In 1955, Roberts wrote to The Northern Star to protest a planned proposal of Cubawee residents to Modanville. In his letter, he stated that the current residents were former residents of North Lismore and Wyrallah, not Modanville. Their original campsite was now the location of a sawmill. His grandfather, John Bob Roberts, was chief of the local Bundjalung tribe, and his father, Lyle Roberts, had never lived in Modanville. He also wrote that the recent grant of an additional three acres was not given by the Welfare Board, but through the residents appealing to the Minister for Lands, and mentions a railway siding at the reserve.

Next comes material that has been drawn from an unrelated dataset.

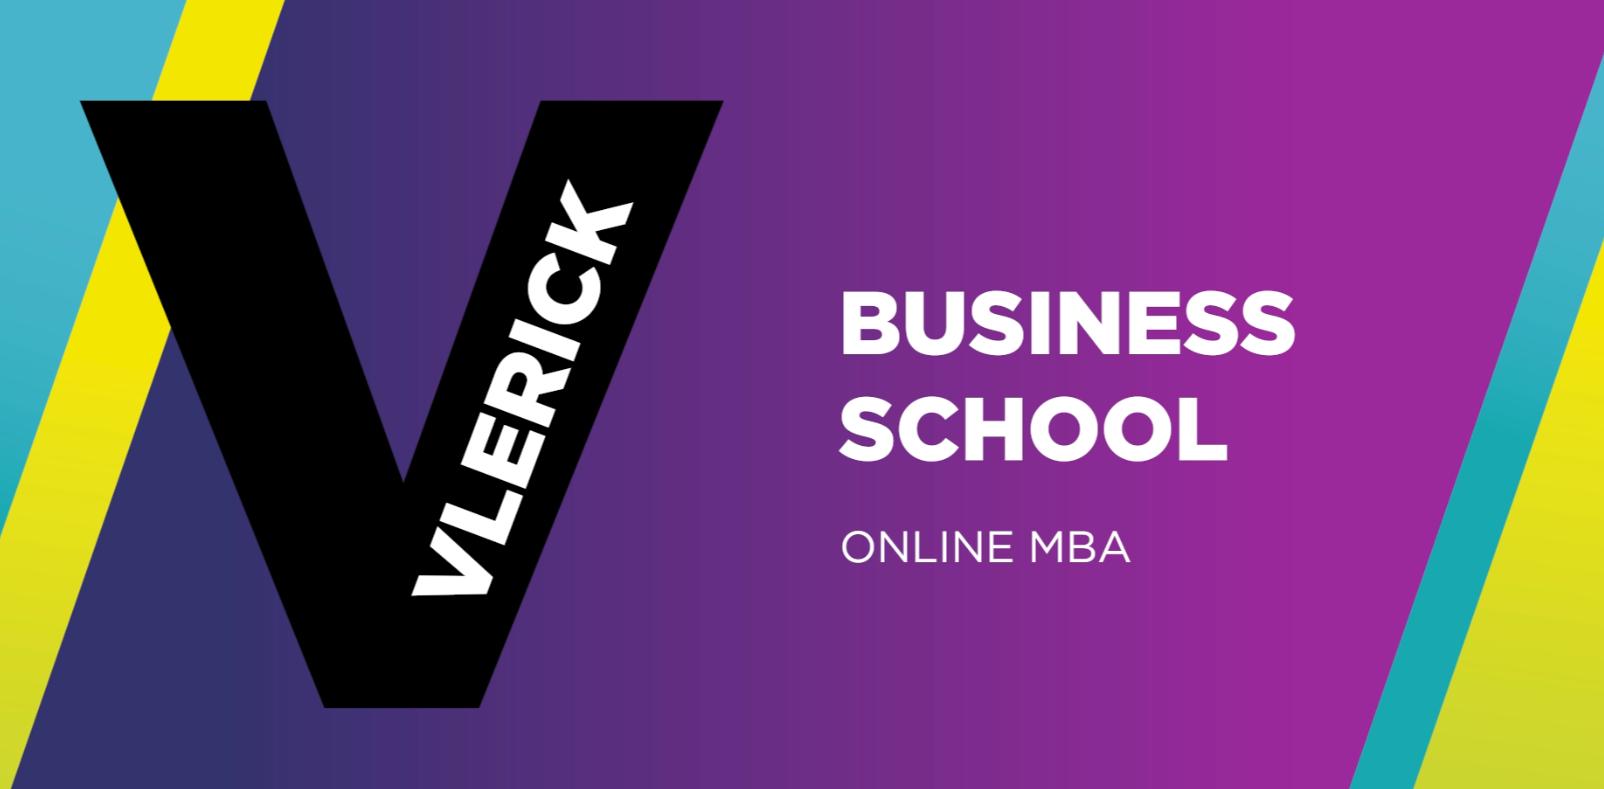 Vlerick Buisness School

Two families were prominent at Cubawee: the Torrens and Roberts families. The residents at Cubawee were eventually forced from their homes owing to flooding of the area in 1964, but the people later continued to try to get their land back. People later recalled having had happy times living in Cubawee, despite the very basic conditions and houses with dirt floors.

Frank Roberts Snr went on to serve on the Anglican Board of Missions from 1968 until 1974, and advocated for the rights of Aboriginal people at a meeting in Sydney in 1970.

In 2010, the land was returned to the Ngulingah Aboriginal Land Council (a LALC).

On 7 May 2010, Cubawee was pronounced an Aboriginal Place under the NSW National Parks and Wildlife Act 1974.

==Location and facilities==
Tuncester is about 5 km from the edge of the town of Lismore, separated from it by large paddocks.

Lismore South Public School serves South Lismore, Tuncester, and several surrounding localities.